I set out two glasses (to St. Algebra? to Lo?) and opened the refrigerator. It roared at me viciously while I removed the ice from its heart. Rewrite. Let her read it again. She will not recall details. Change, forge. Write a fragment and show it to her or leave it lying around. Why do faucets sometimes whine so horribly? A horrible situation, really. The little pillow-shaped blocks of ice emitted rasping, crackling, tortured sounds as the warm water loosened them in their cells. I bumped down the glasses side by side. I poured in the whiskey and a dram of soda. She had tabooed my pin (gin and pineapple juice, my drink, my love). Bark and bang went the icebox. Carrying the glasses, I walked through the dining room and spoke through the parlor door which was a fraction ajar, not quite space enough for my elbow.

"I have made you a drink," I said.

She did not answer and I placed the glasses on the sideboard near the telephone, which had started to ring.
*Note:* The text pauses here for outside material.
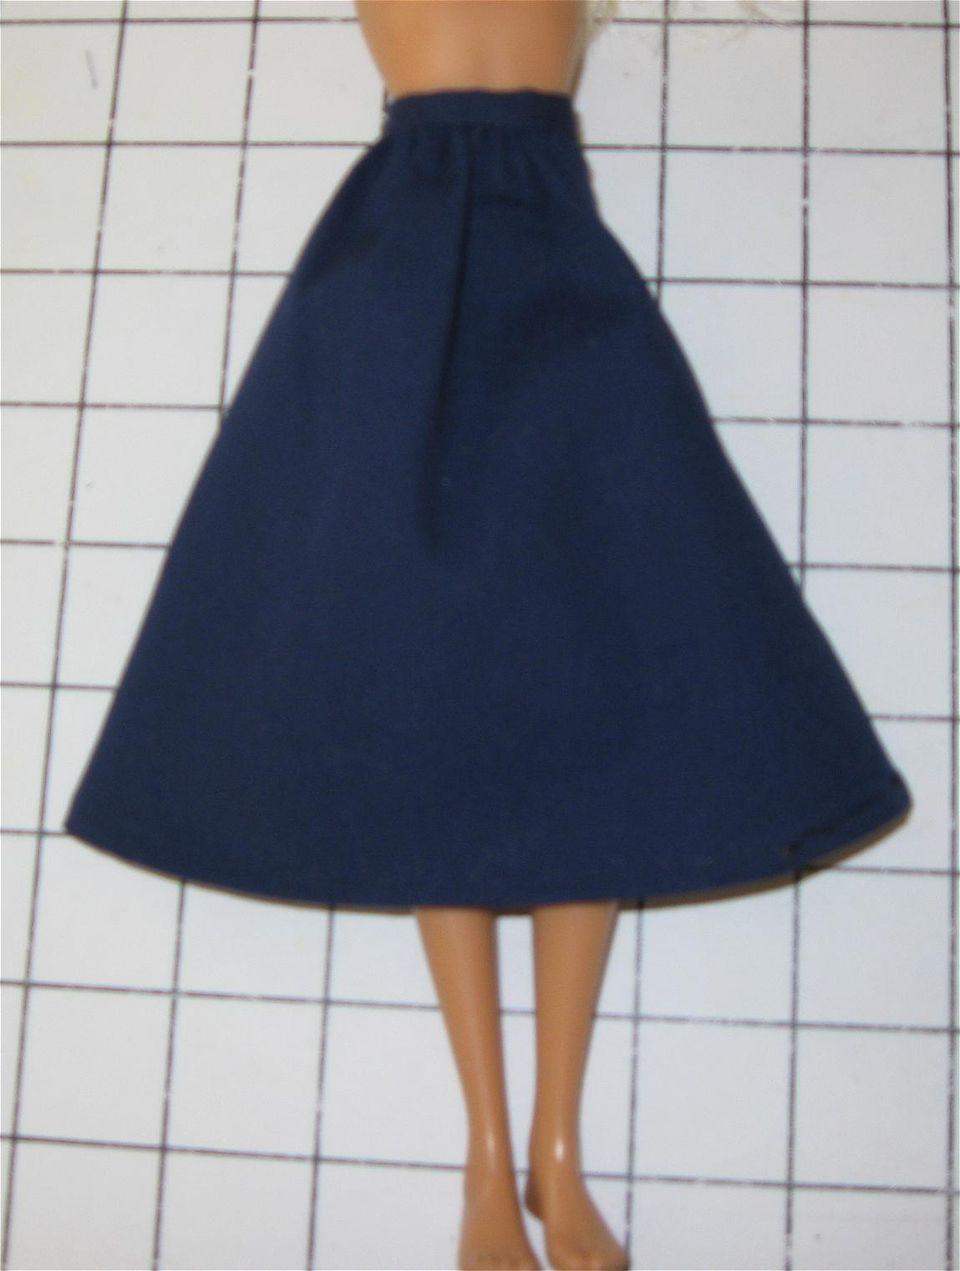 Sew a Fashion Doll or Barbie Skirt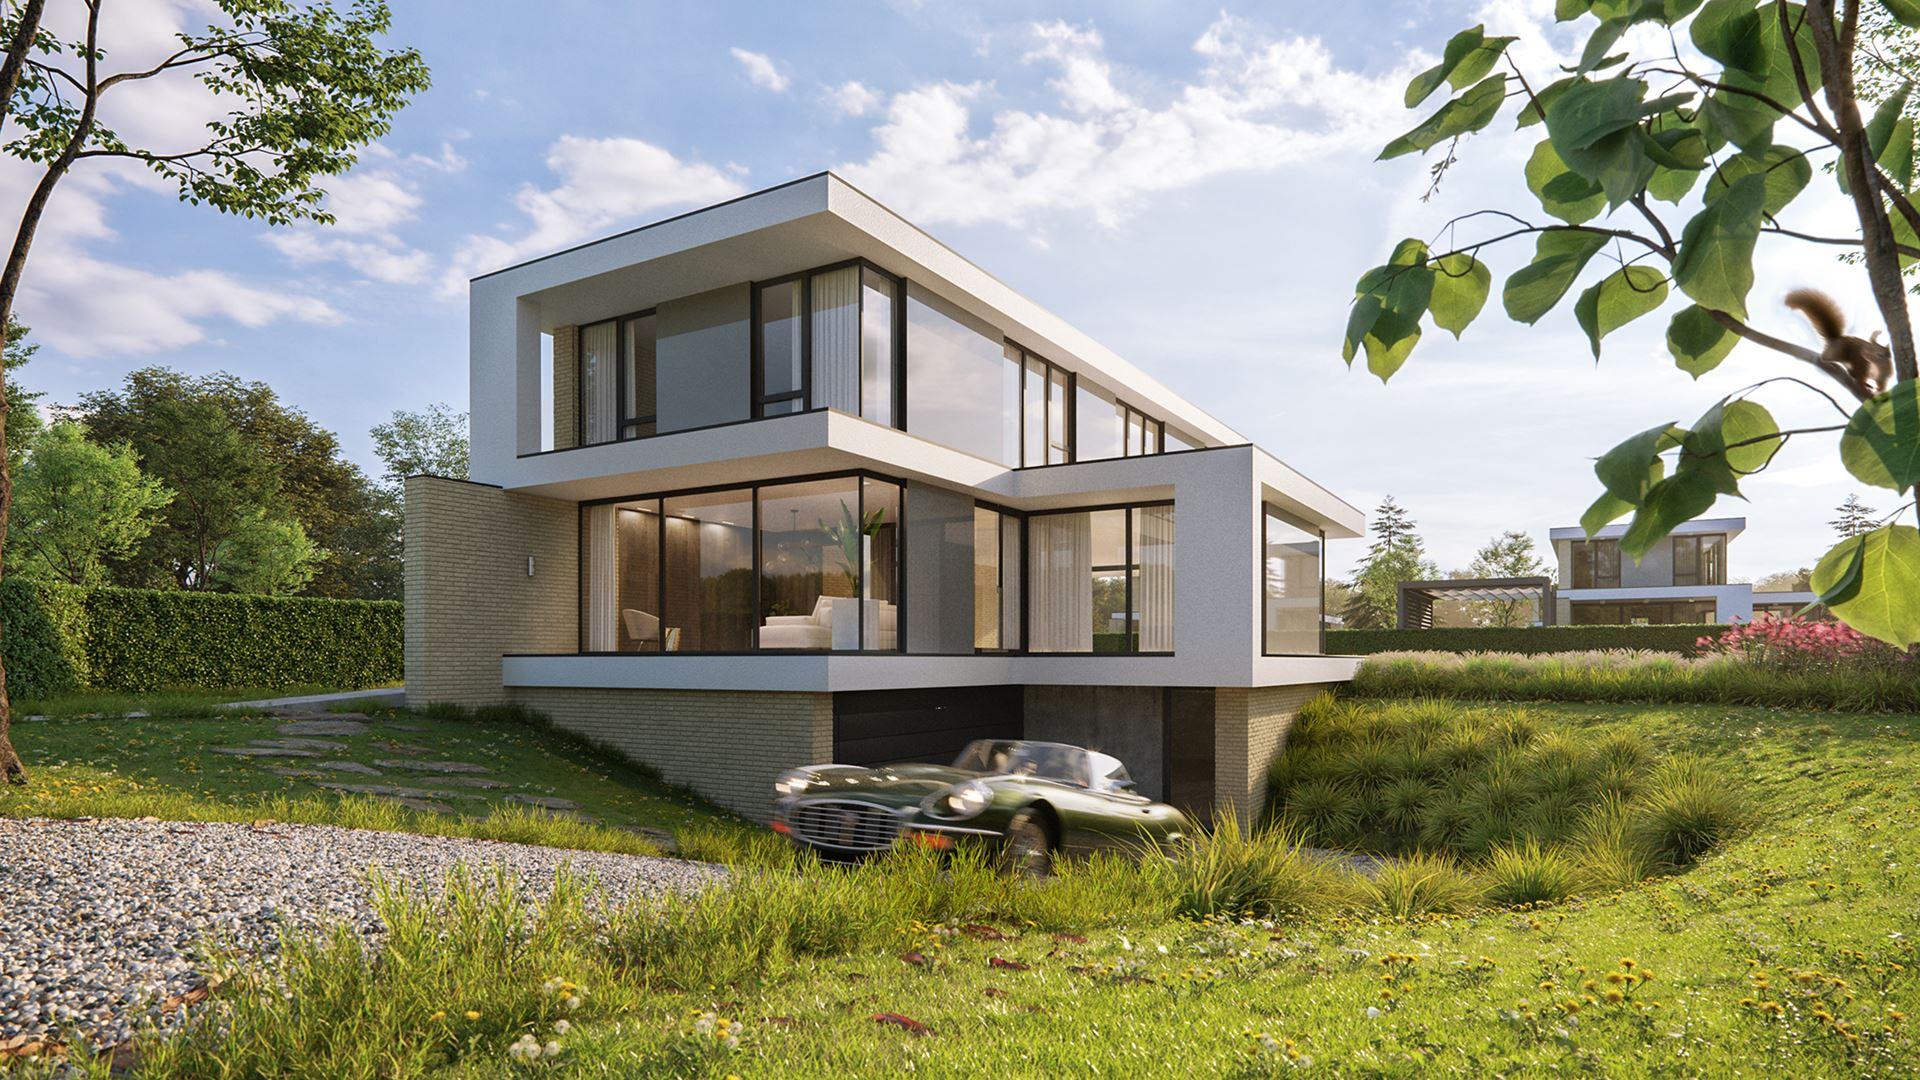 Interieur inspiratie nieuwbouwproject Ambyerveld Maastricht

"Leslie speaking. Leslie Tomson," said Leslie Tomson who favored a dip at dawn. "Mrs. Humbert, sir, has been run over and you'd better come quick."

I answered, perhaps a bit testily, that my wife was safe and sound, and still holding the receiver, I pushed open the door and said:

"There's this man saying you've been killed, Charlotte."

But there was no Charlotte in the living room.